YOUR INSTRUCTIONS - Reproduce exactly the lines of the material beneath, from the line that contains "Koszulka z Długim" to the line that contains "ourrevolution", both included, and no other lines.
##### AVAILABLE RECORDS #####
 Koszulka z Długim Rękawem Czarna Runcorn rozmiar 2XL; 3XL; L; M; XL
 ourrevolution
#####
##### AVAILABLE RECORDS #####
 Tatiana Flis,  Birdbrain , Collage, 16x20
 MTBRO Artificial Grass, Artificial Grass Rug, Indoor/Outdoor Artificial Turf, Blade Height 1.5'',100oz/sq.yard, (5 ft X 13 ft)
#####
TASK RESULT -
 Koszulka z Długim Rękawem Czarna Runcorn rozmiar 2XL; 3XL; L; M; XL
 ourrevolution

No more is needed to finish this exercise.